The waiver, announced in a circular dated May 13, 2026, effectively suspends several investment restrictions, marking a significant shift in PenCom’s stance on equity investments by PFAs.
PenCom clarified that the decision is a one-off exception, issued in light of Dangote Refinery’s economic importance and strong investment fundamentals.
The new policy permits PFAs to invest in the IPO, bypassing the usual requirements for corporate profitability and dividend history that are typically mandatory for PFA investments.
The circular emphasised that the regulatory body carefully considered the strategic significance of the Dangote Refinery, which is part of a broader $40 billion expansion project in oil refining, fertiliser production, and other industries.

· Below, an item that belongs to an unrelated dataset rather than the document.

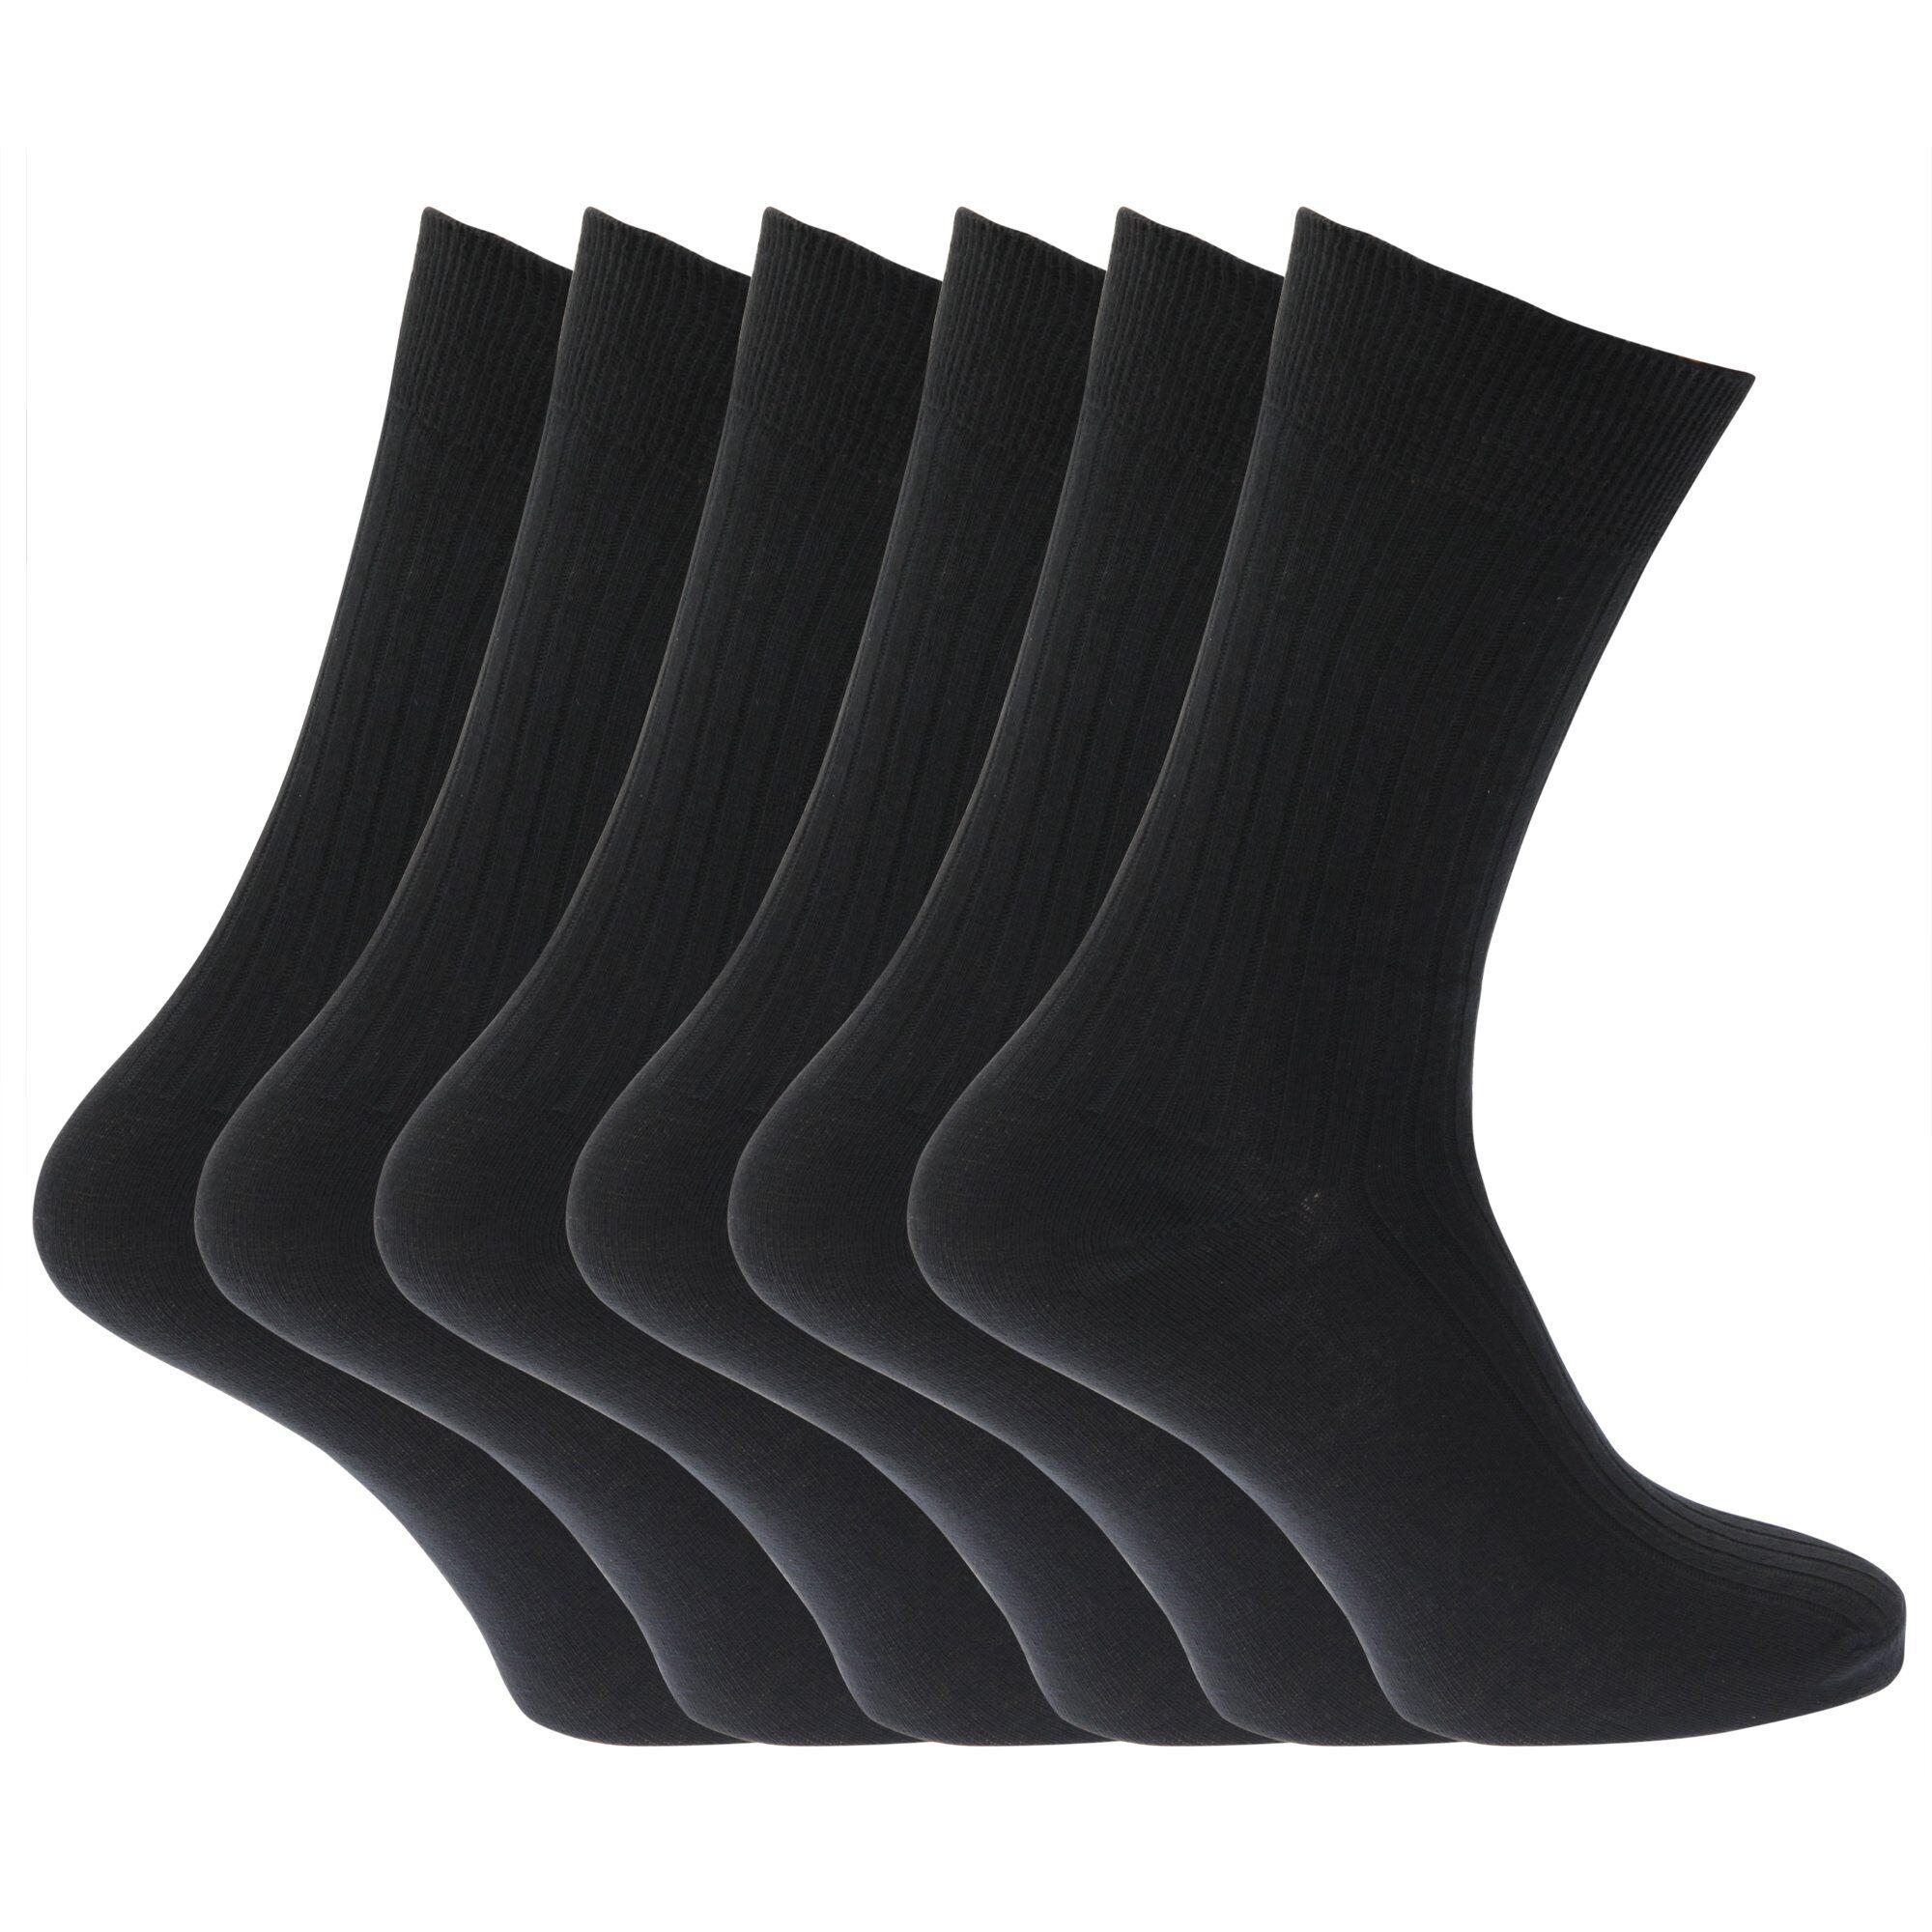 Chaussettes Unies Striées 100% Coton (Lot De 6 Paires) - Homme (Noir) - UTMB144
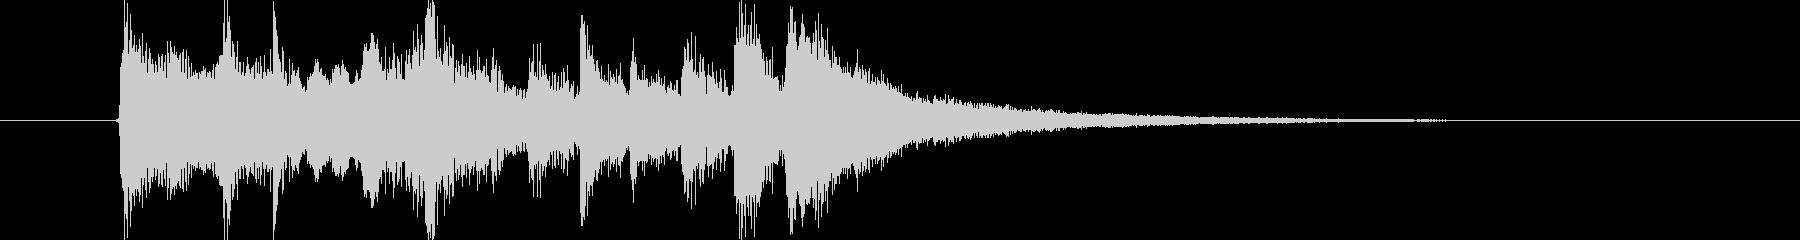 軽快なリズムが特徴のポップなジングルの未再生の波形

The Commission also highlighted the refinery’s strong financial backing and the established performance record of Dangote Industries Limited, its majority shareholder.
The circular said “The Commission has carefully evaluated the strategic investment opportunity and the economic impact of the proposed Initial Public Offering (IPO) of Dangote Petroleum Refinery & Petrochemicals FZE (DPRP) on the pension industry and the wider economy.
“In light of these considerations, the Commission has reviewed the request for a special dispensation that would permit Pension Fund Administrators (PFAs) to invest pension fund assets in the IPO”.
PenCom acknowledged Dangote Refinery’s role in advancing Nigeria’s oil sector and its potential to driving broader economic growth.
It confirmed that the waiver does not set a precedent for future IPOs but is a specific and singular exception due to the refinery’s large-scale impact on Nigeria’s economy.
It would be noted that the Dangote Refinery IPO is set to open in mid-2026 and will offer approximately 10% of the company’s equity to the public.
This move is part of Dangote Group’s strategy to raise funds for further industrial expansion.
The IPO is expected to be one of the largest public offerings in Africa, with the refinery’s valuation potentially reaching $50 billion (about N70 trillion).